Stocking up at the local supermarket and making your own food can be a lot more cost-effective than dining out for every meal, even if you just self-cater breakfast and lunch and eat out at dinner time.
Make self-catering an event (Picture: Getty Images)
If you’re staying in a hotel with breakfast included, consider also filling up on the breakfast buffet – as a large meal in the morning can set you up for the day, meaning you don’t have to spend a fortune on lunch.
Drink tap water if you can
Before you reach your destination find out whether the tap water where you are going is safe to drink.
If it is then take a water bottle with and keep it filled, rather than splashing out on bottled water. You can also ask for tap water when eating out if it is safe to do so – once again potentially saving money on buying expensive bottles.
Arrange your own excursions
While there will always be some places which are better on a guided tour, arranging your own trips to museums and other attractions can often prove cheaper, especially if you can make your own way there by public transport.
Wherever you’re going, also look at what free events might be happening while you are there, and what other activities you can do without paying a penny. For example, a trip to the beach a day out in a park, a walking tour of your destination, or a visit to a local market or shops can all be done for free.

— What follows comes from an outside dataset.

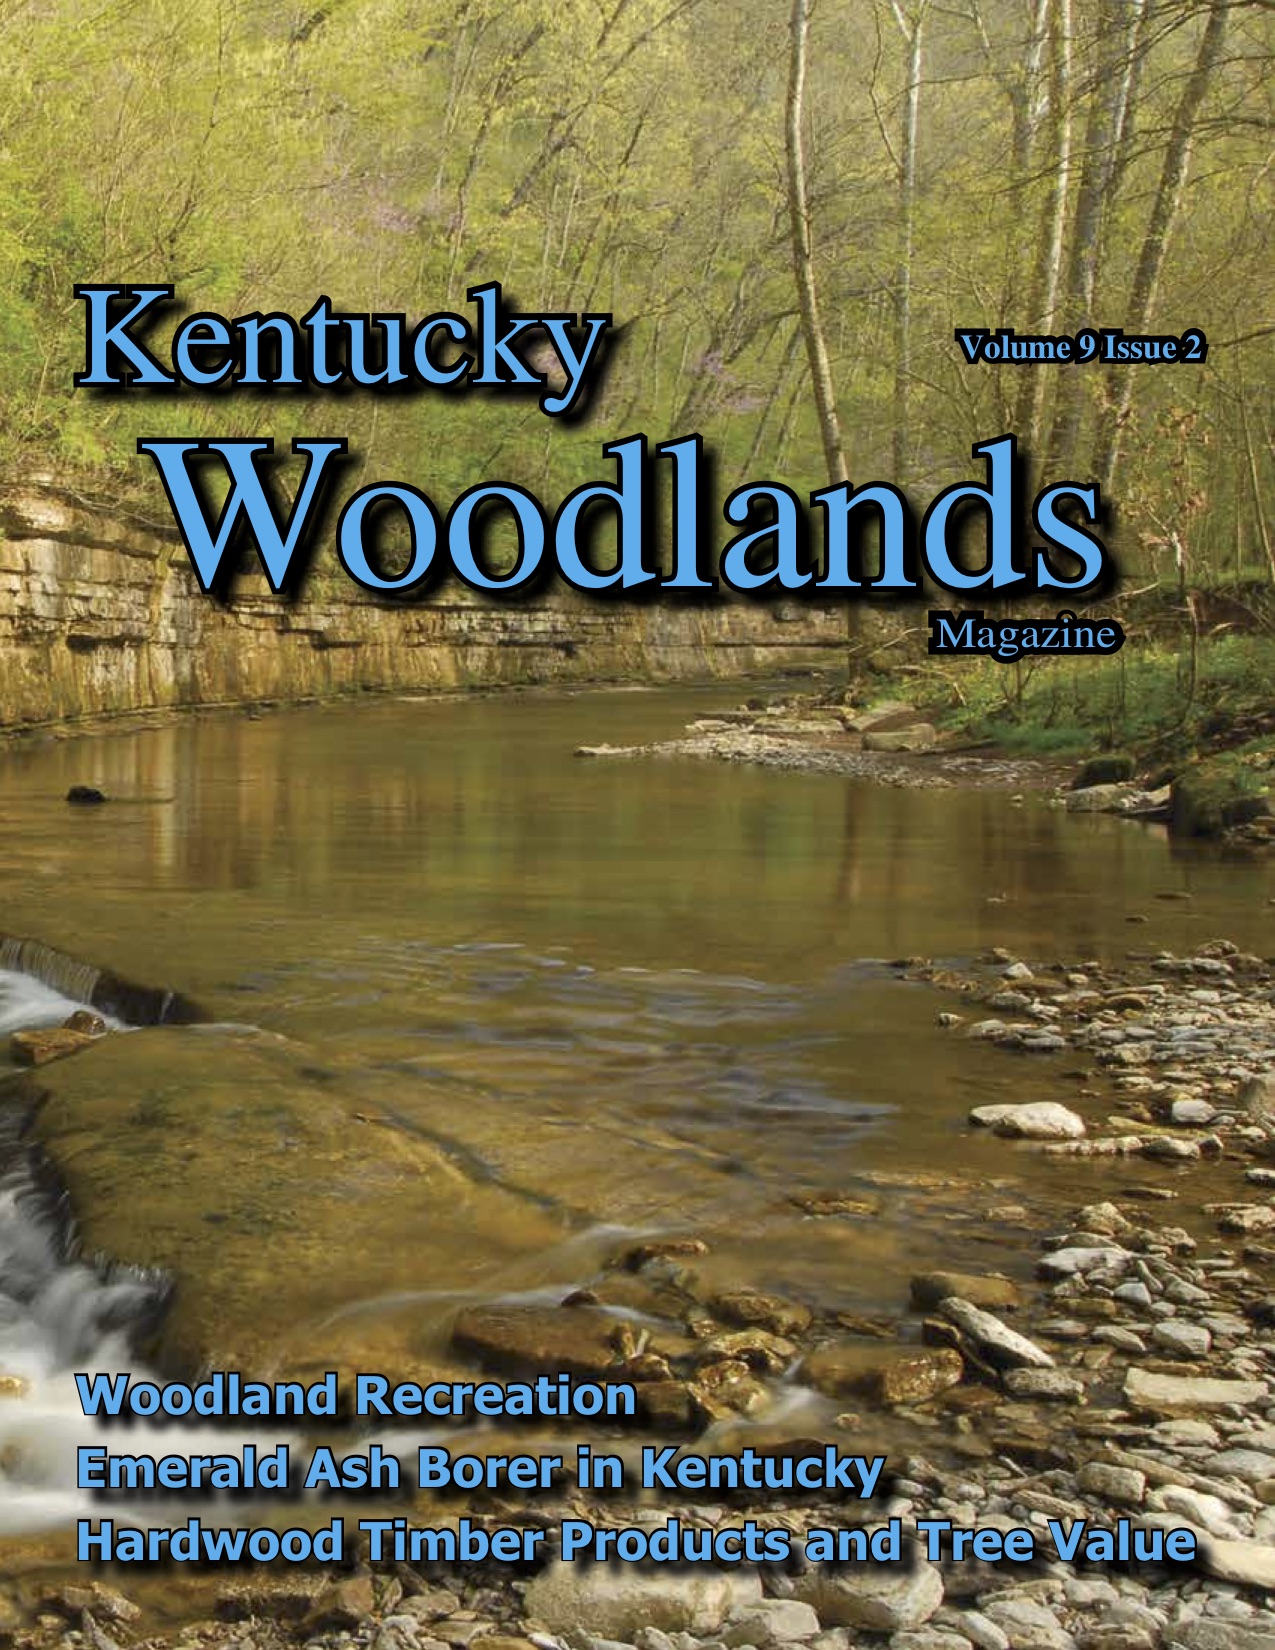 Kentucky Woodlands Magazine, Volume 9, Issue 2 Cover

Walking tours of your chosen destination can cost nothing (Picture: Getty Images)
Often other attractions such as historical sites can make for a fun activity and will cost nothing. And depending on where you’re going some museums and galleries may be free too – once again check before you set off what’s available at your destination and how much, if anything, you will have to pay to visit.
If you’re staying at a hotel or resort, free activities may also be available for younger family members during the day, while they may also provide free entertainment in the evening.

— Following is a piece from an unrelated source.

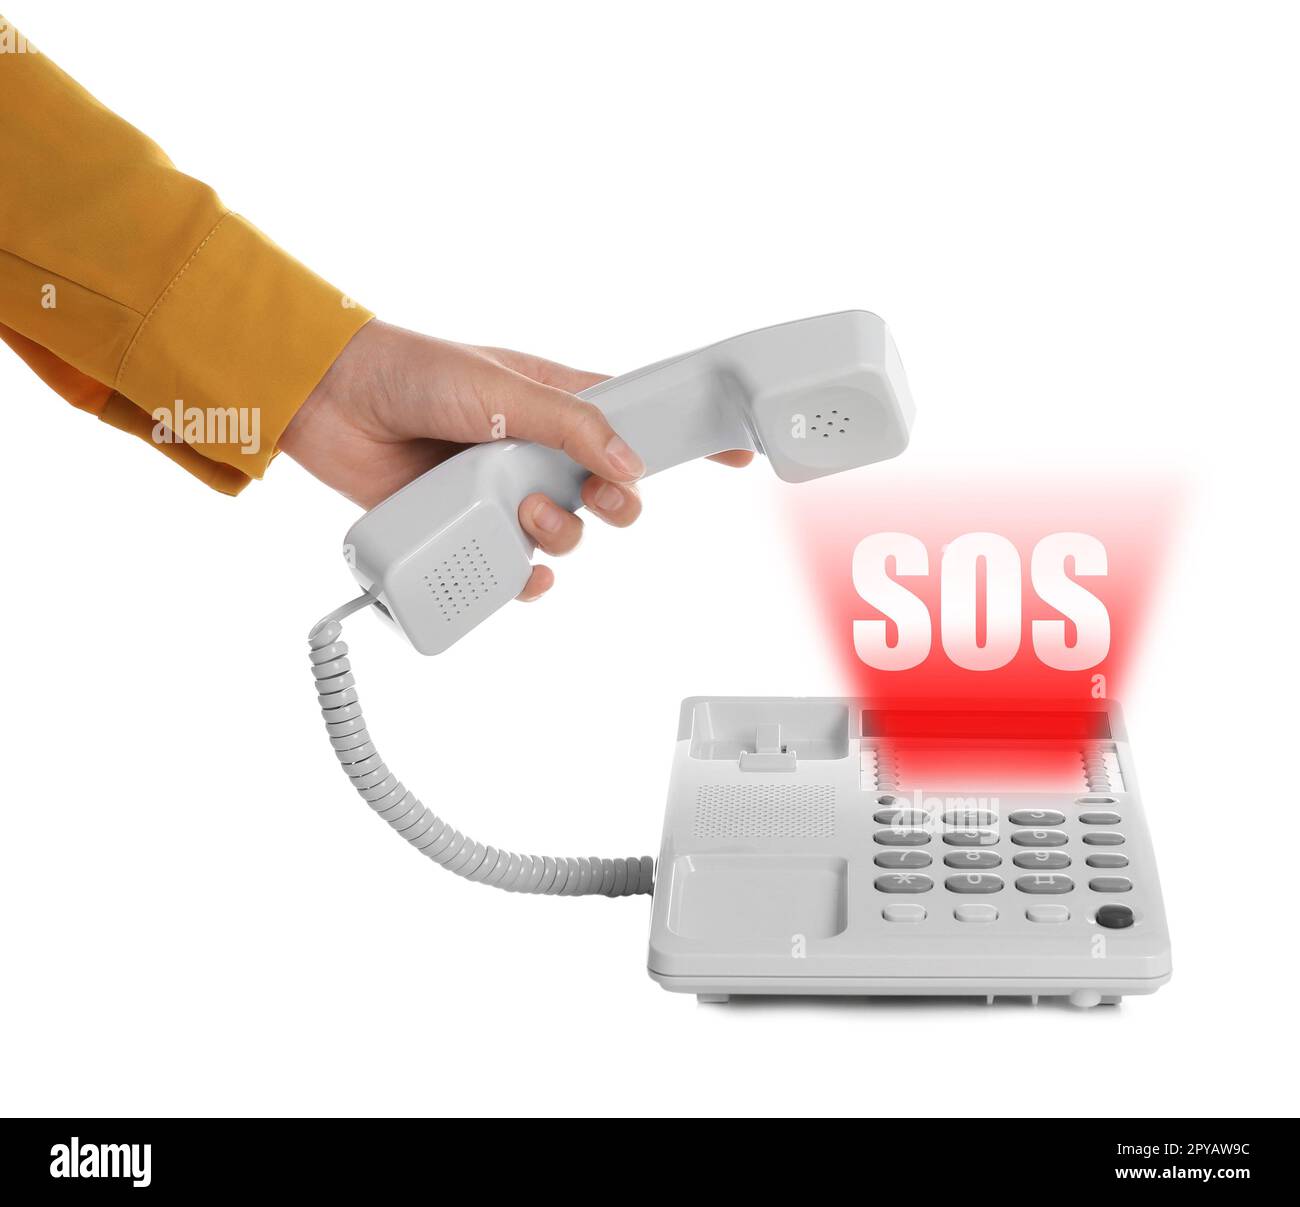 Woman picking up telephone on white background. Emergency SOS call Stock Photo

Take advantage of discounts
Once again this will require research but if you’re under 18, over 60 or a student you may well be able to take advantage of your age or status to get concessionary rates and discounts on attractions, plays, shows and other events.
Depending on where you’re going it’s worth looking into this before you leave to see what you might be entitled to.
Beware of mobile phone charges
Roaming charges can be expensive when you’re abroad – so speak to your mobile phone provider before you go and see what deals might be available.
They may be able to provide you with a data package you can use abroad for a set amount of money – but make sure the country you are visiting is served by your provider first.
Try to avoid racking up those roaming bills (Picture: Getty Images)
You can also avoid data charges by taking advantage of free wifi at your destination – double check whether your accommodation includes this or if they will charge extra for it.
Make sure your EHIC is up to date
This card allows you to get state health care in EU countries for the same cost as a resident of that country – meaning if it’s free there, you’ll get it for free also, or if it’s cheap you won’t end up paying a huge amount should you need treatment.
If you have a UK EHIC it’ll remain valid until the date of expiration after which you’ll need to apply for a UK GHIC to replace it.
Bear in mind the EHIC and GHIC are not a replacement for travel insurance so you’ll still need that cover.
You should note also you cannot use it in non-EU countries including Norway, Iceland or Liechtenstein – while only certain people, such as UK and Swiss nationals, refugees and stateless people can use it in Switzerland.
You can find out more information at gov.uk.